If the neoconservative nightmare of vast neoliberal "republican" federations across Europe, North America and Australasia were ever to become a reality, then expect the same person to remain Head of the former United Kingdom or whatever entities it was divided up into (each with the Union Flag still somewhere on its own), Head of each of the former Australian states and of New Zealand (all retaining their Blue Ensigns, the monarch's status in each Australian state being entirely distinct from that at federal level), and Head of at least some former Canadian provinces (several of which also retain the Union Flag somewhere on their own, and the Crown in right of each of them being, again, entirely distinct from the Crown in right of Canada). The Australasian one might very well include other parts of the Pacific likewise still so headed and so flagged.
"Not until the present Queen dies" is not only an utterly unprincipled position, yet tellingly now the only one ever articulated anywhere where she is the monarch.
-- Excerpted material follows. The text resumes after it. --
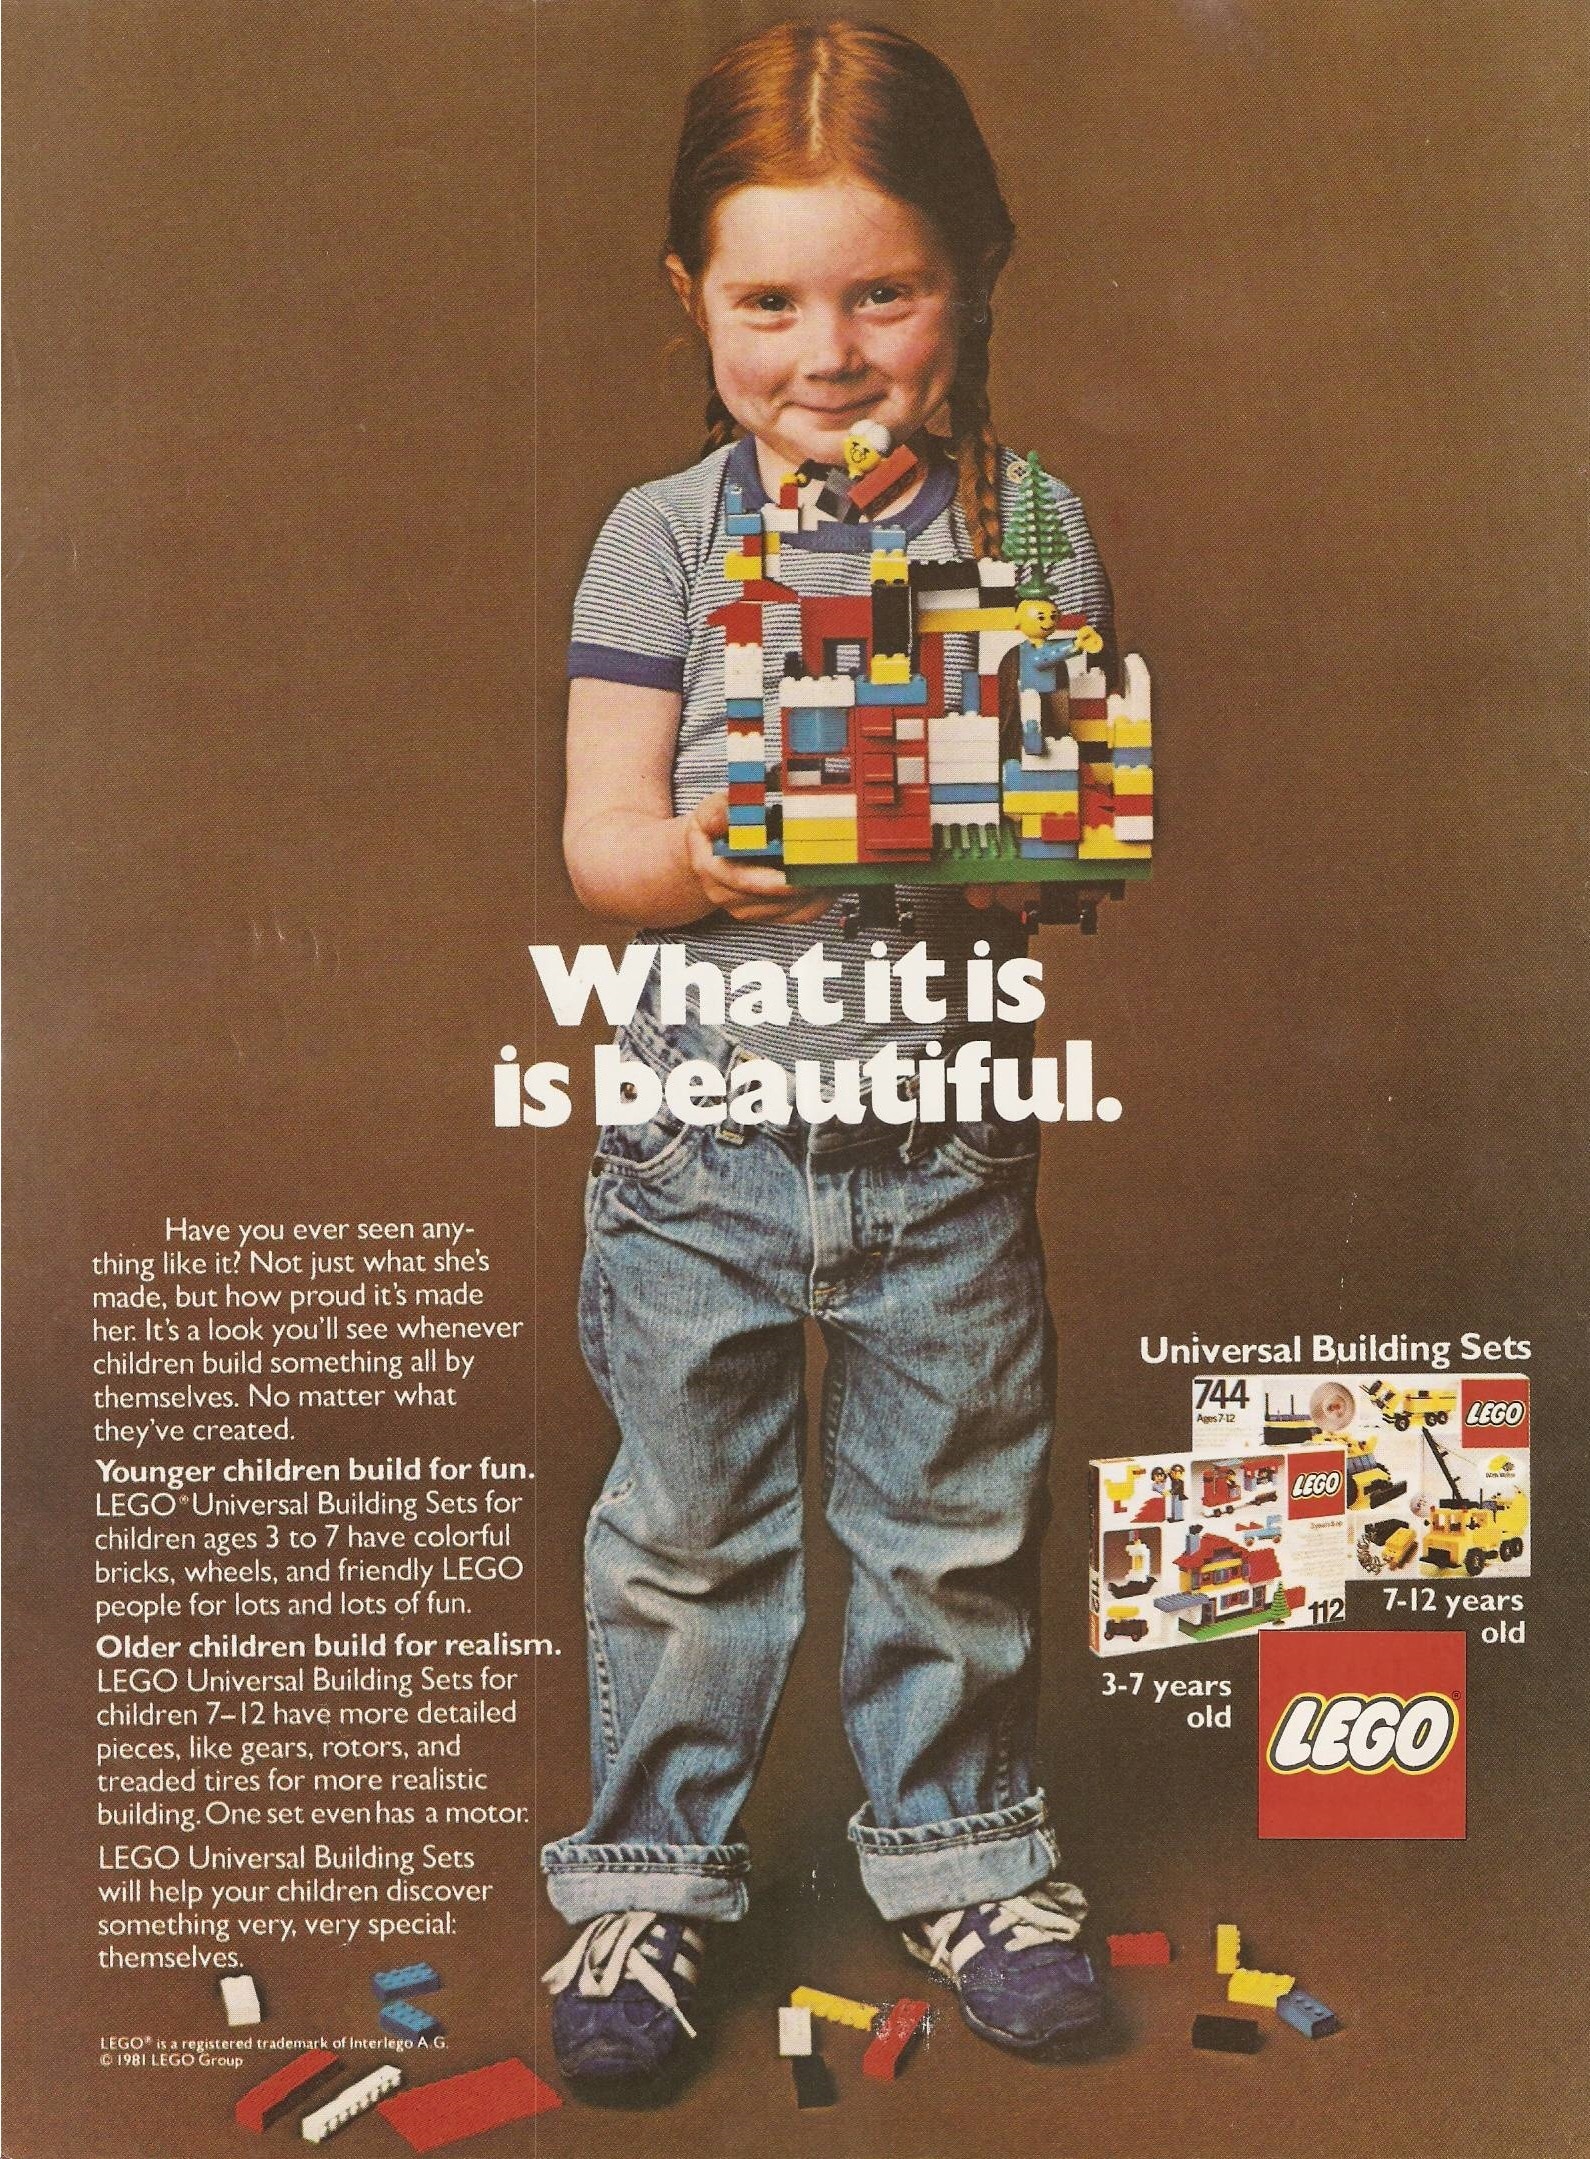 A Lego ad from the early 1980s

It is also, as those expressing it must surely know, founded on a fallacy: the succession happens in an instant. In any case, Prince Charles has never been as unpopular as those who regard him as a generational traitor, and who were attached to the rather silly figure of his late ex-wife, would have us believe.
The monarchy was hugely unpopular, not least in Australia, in the middle of the Victorian Period, with that Queen branded "a hausfrau" in Antipodean newspapers. The monarchy was hugely popular, not least in Australia, by the time of the Diamond Jubilee. Next year, there will be another Diamond Jubilee.